Third Text
- Discipline: Visual arts
- Language: English, French
- Edited by: Richard Dyer

Publication details
- History: 1987–present
- Publisher: Routledge (United Kingdom)
- Frequency: Bimonthly

Standard abbreviations
- ISO 4: Third Text

Indexing
- ISSN: 0952-8822

Links
- Journal homepage;

= Third Text =

American peer-reviewed academic journal

Third Text is a leading peer-reviewed academic journal covering art in a global context.
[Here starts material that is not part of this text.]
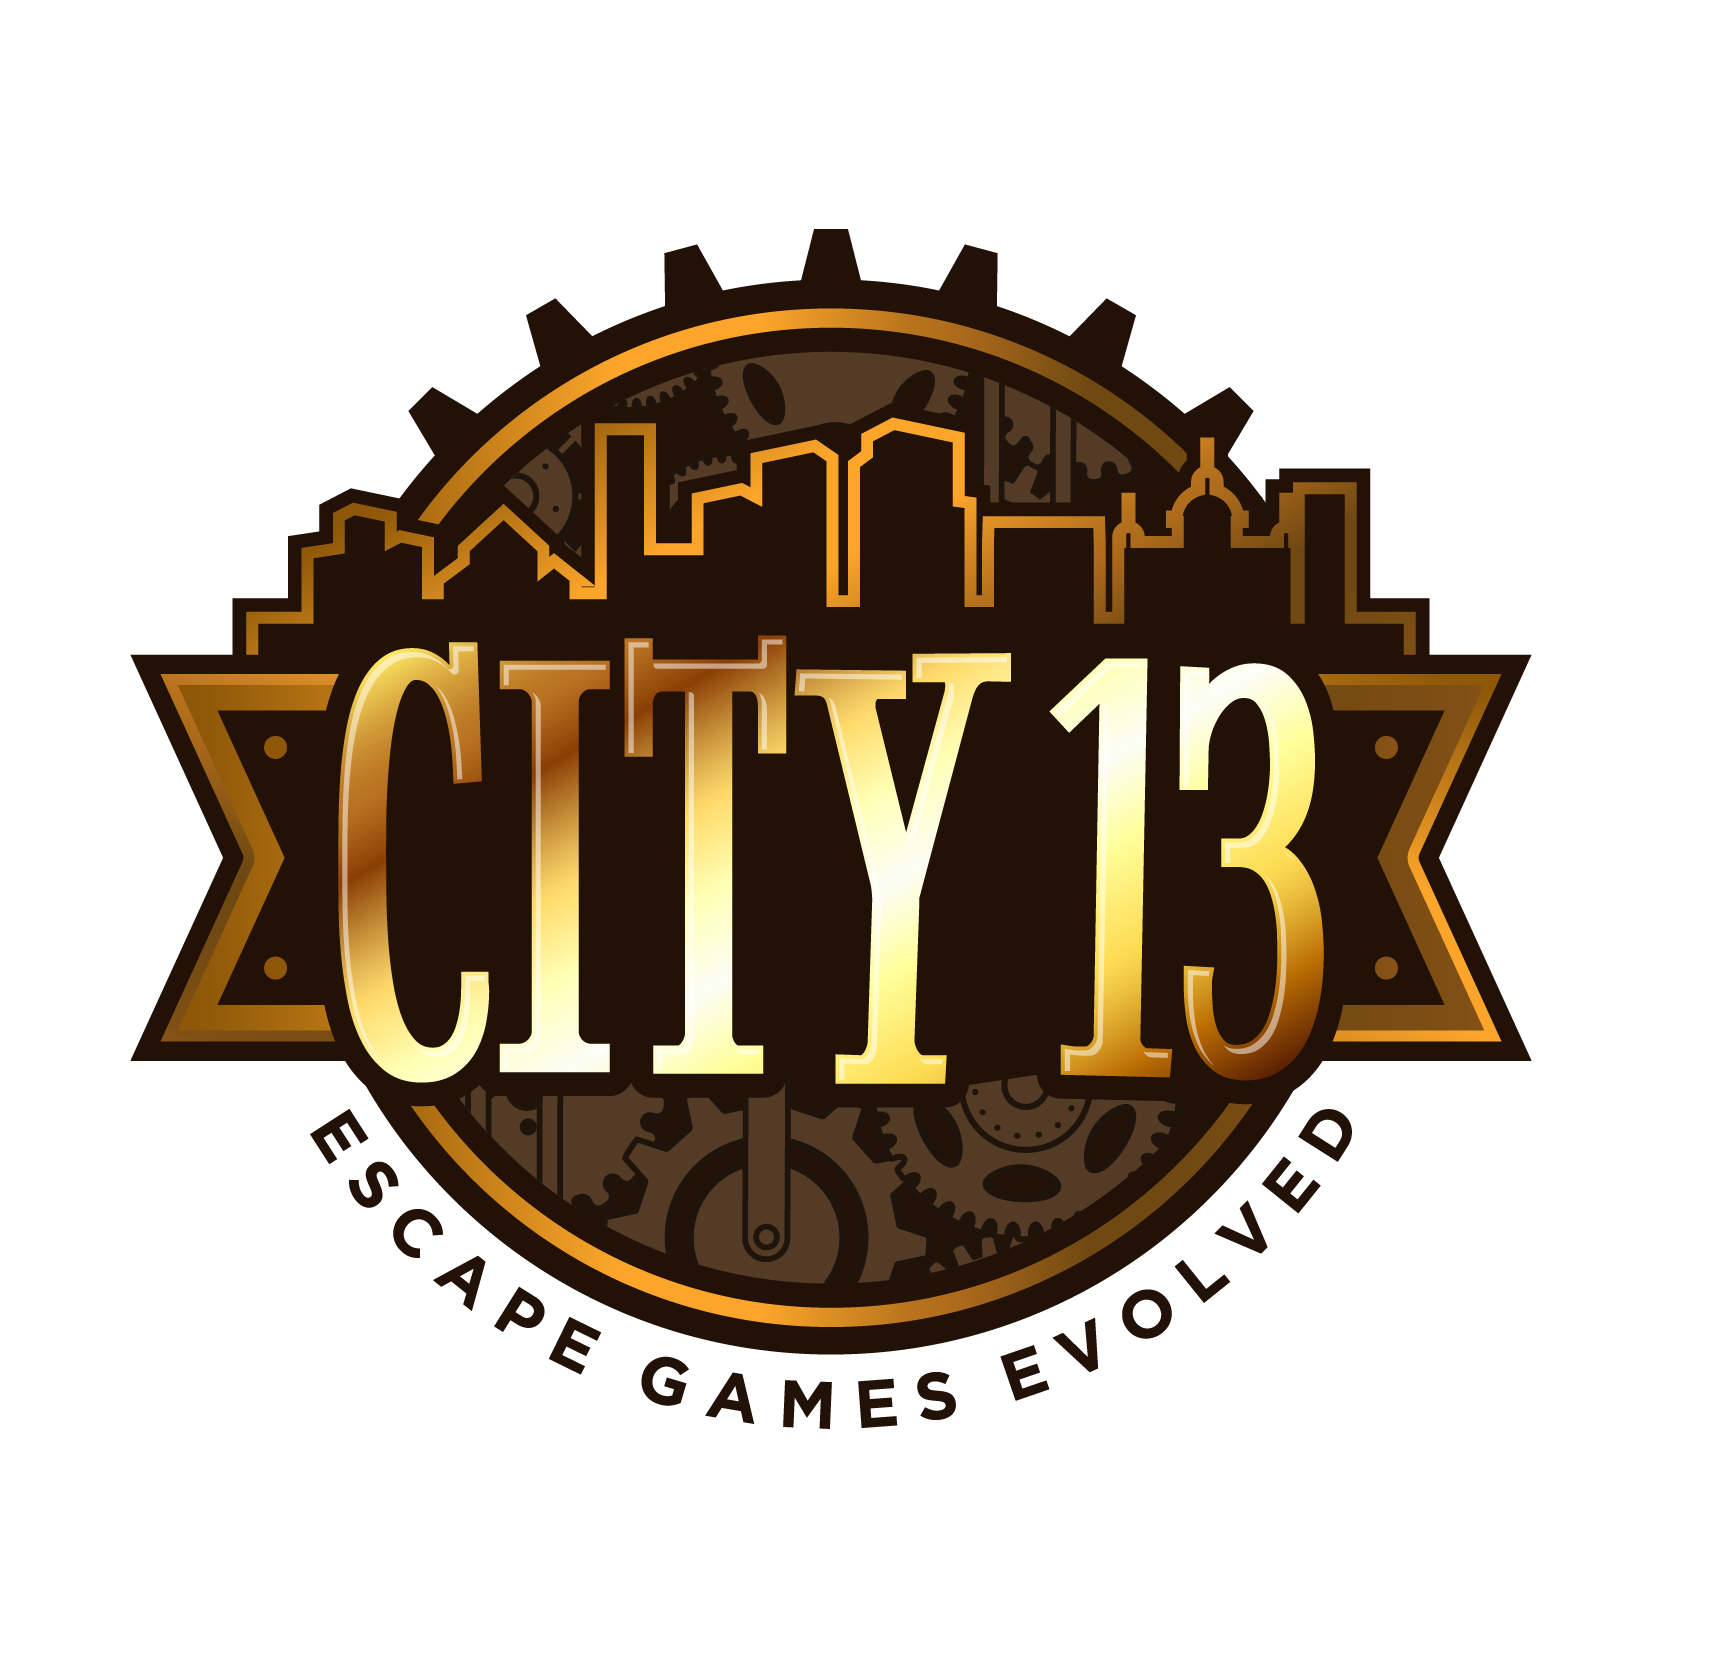 City 13

After founder and editor Rasheed Araeen's earlier art magazine Black Phoenix, which started in 1978 and published only three issues, Third Text was launched as a theoretical art journal in 1987. The journal was edited by Jean Fisher (1992–1999), followed by Richard Appignanesi (2008–2015) and Richard Dyer (2015–present).

==Contributors==
Contributors include prominent scholars of black studies, feminist theory, and politically engaged art criticism, including Stuart Hall, Kobena Mercer, Paul Gilroy, Laura Mulvey, Lucy Lippard, Coco Fusco, Ella Shohat, Griselda Pollock, Claire Bishop, T. J. Demos, Gregory Sholette, Olu Oguibe, Julia Bryan-Wilson, Benita Parry, Zeynep Çelik, Boris Groys, Jimmie Durham, Eddie Chambers, Jose-Carlos Mariategui and Michael D. Harris.

==Relaunch==
The journal was relaunched in 2015 with a new group of editors, selected by an independent panel, a new advisory board, and trustees, and it has published a number of guest-edited special issues since its relaunch.